Working college student slams free tuition: "Nothing is free"

Working college student slams free tuition: “Nothing is free”

Published December 31, 2015 8:10pm ET



Writing for the Odyssey, college student Alyssa Slicko offers a smart and common sense argument against free college tuition.

Slicko’s reasons against free tuition are personal. She worked hard for her grades, and to pay her own tuition. She did not ask or expect her parents to pay for her college education. She writes “that discipline was my first experience of the ‘real world.'”

While Slicko speaks of her own experiences, her viewpoint can be applied to all students. After all, Slicko is not the only one who can work hard enough to earn and keep a scholarship.
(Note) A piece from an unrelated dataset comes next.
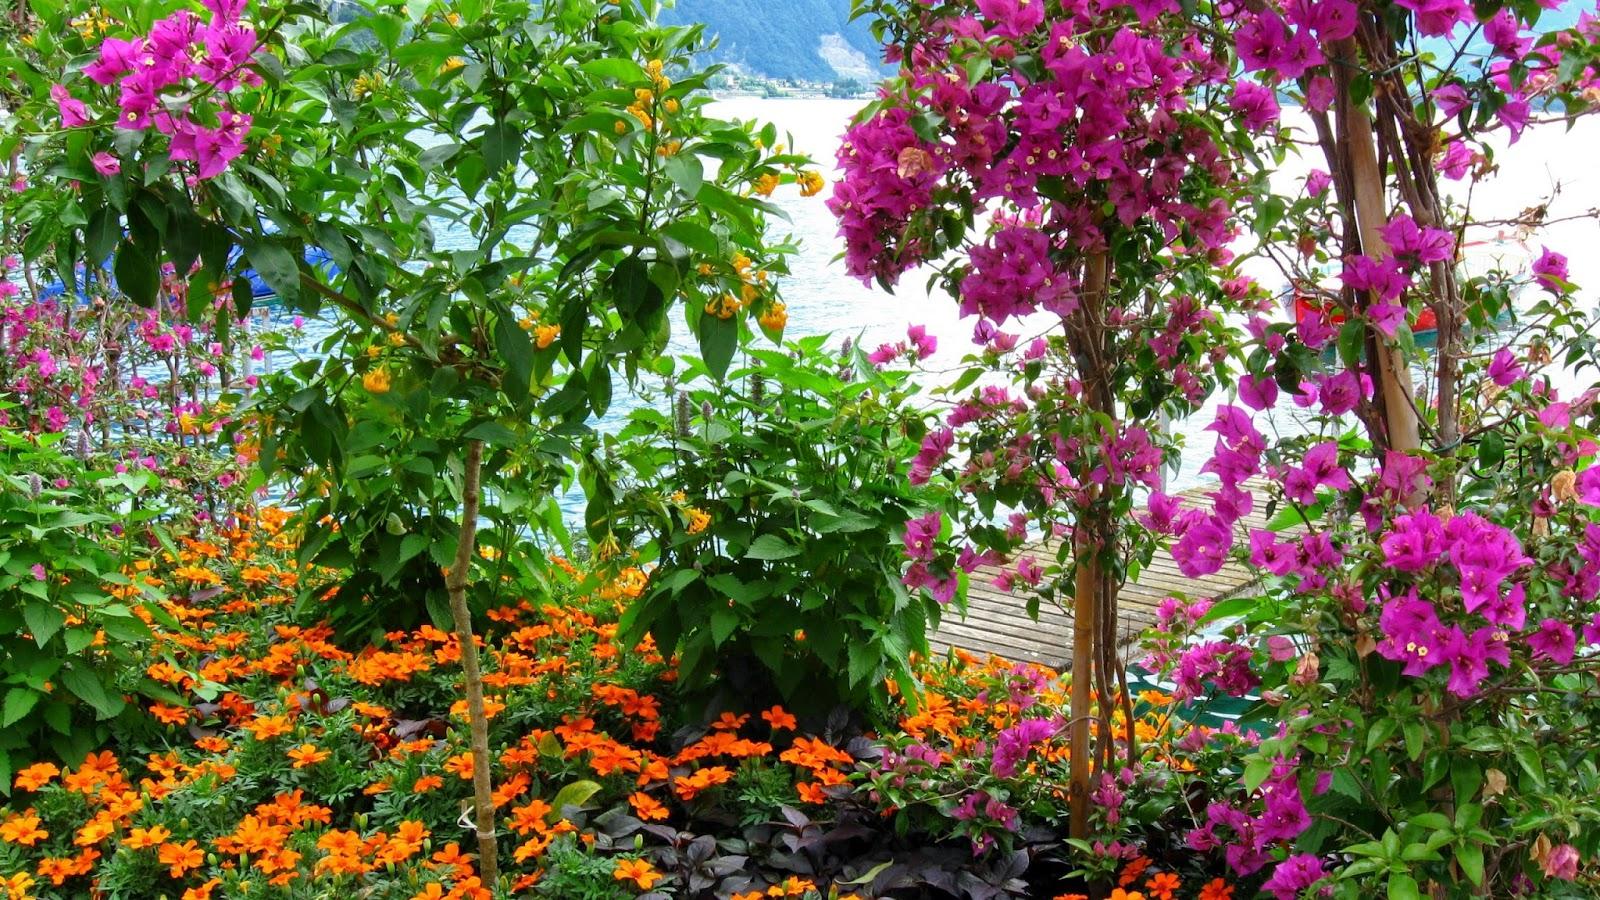 Flower Garden Wallpaper Free Download|http://refreshrose ...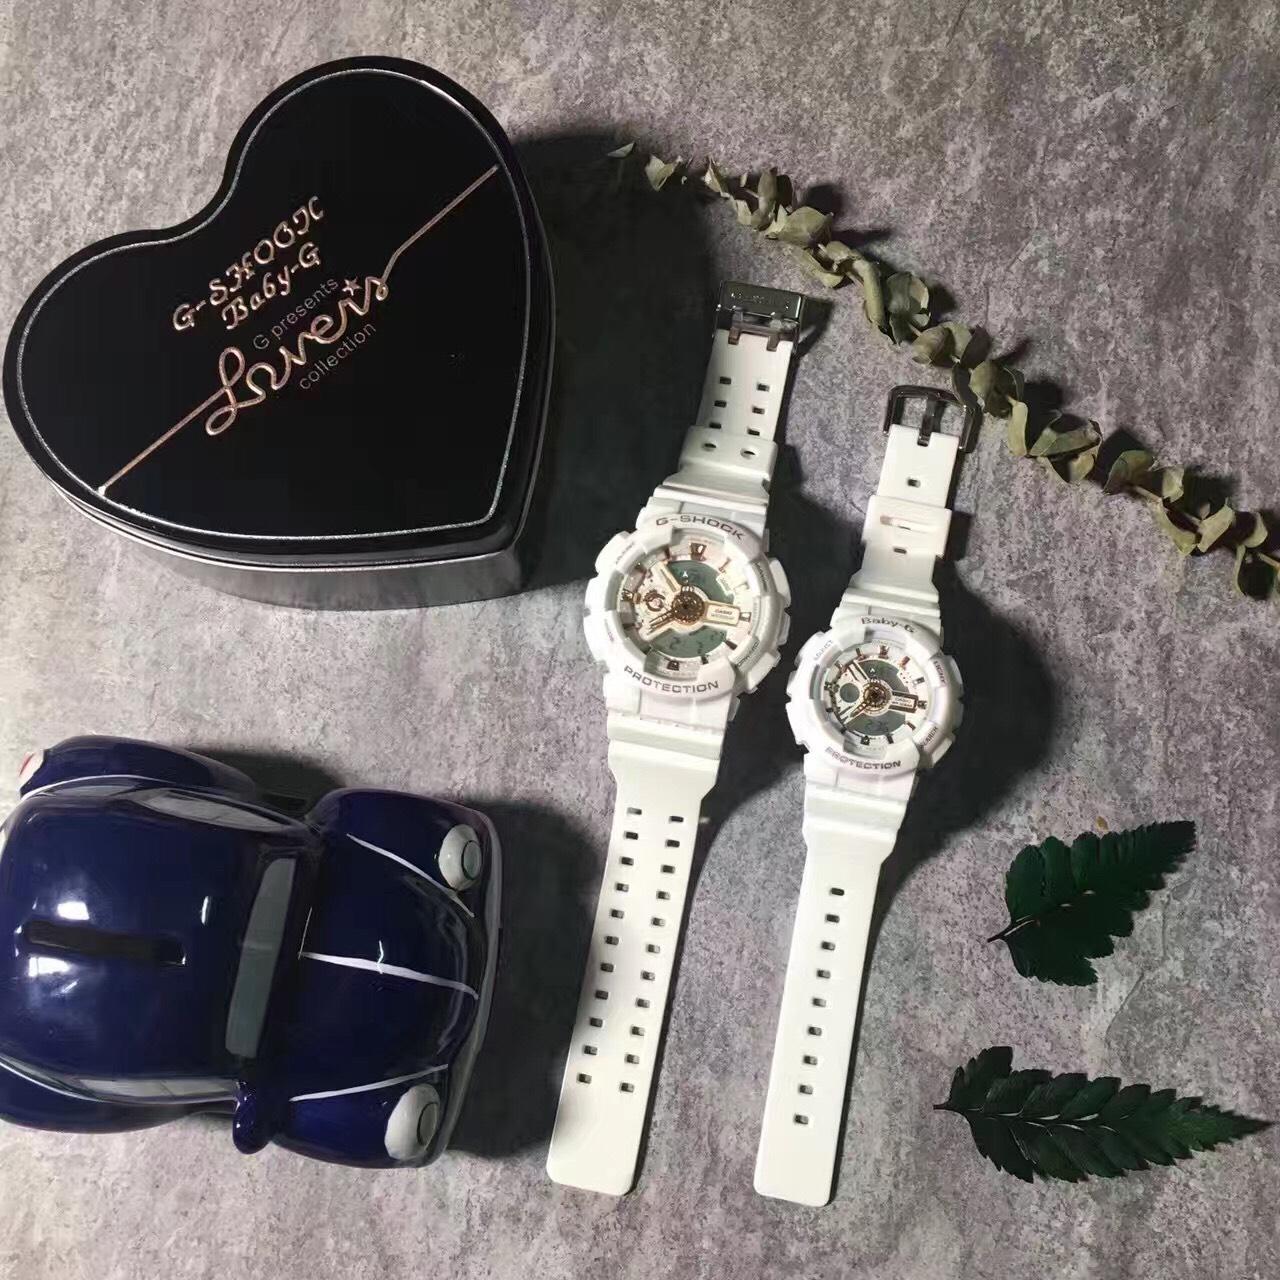 國外代購CASIO G-SHOCK GA110LB & BABY-G BA110LB7A  情侶對錶 雙顯 防水手錶

Another universal point, which may also be a helpful and necessary reminder for some in particular, is that students can’t expect everything to be handed to them for forever. This includes and especially has to do with a college education.

As Slicko also writes in her opening paragraph, with original emphasis:

…Either paying out of pocket for your college education or having it paid for by the scholarships you’ve received, you appreciate college and value your time and money. College is a privilege. College is a transition and preparation for a career and life itself. How can you be expected to work hard in your career if you can’t work hard for everything leading up to that career?

Slicko gets the desire to have free college tuition. It’s not that she doesn’t. She even writes that in some ways she would like it herself. But she recognizes that “nothing is free and college happens to be something that isn’t.”

As part of her closing, Slicko reminds her readers, with original emphasis, that “a college degree is earned, not handed to you.”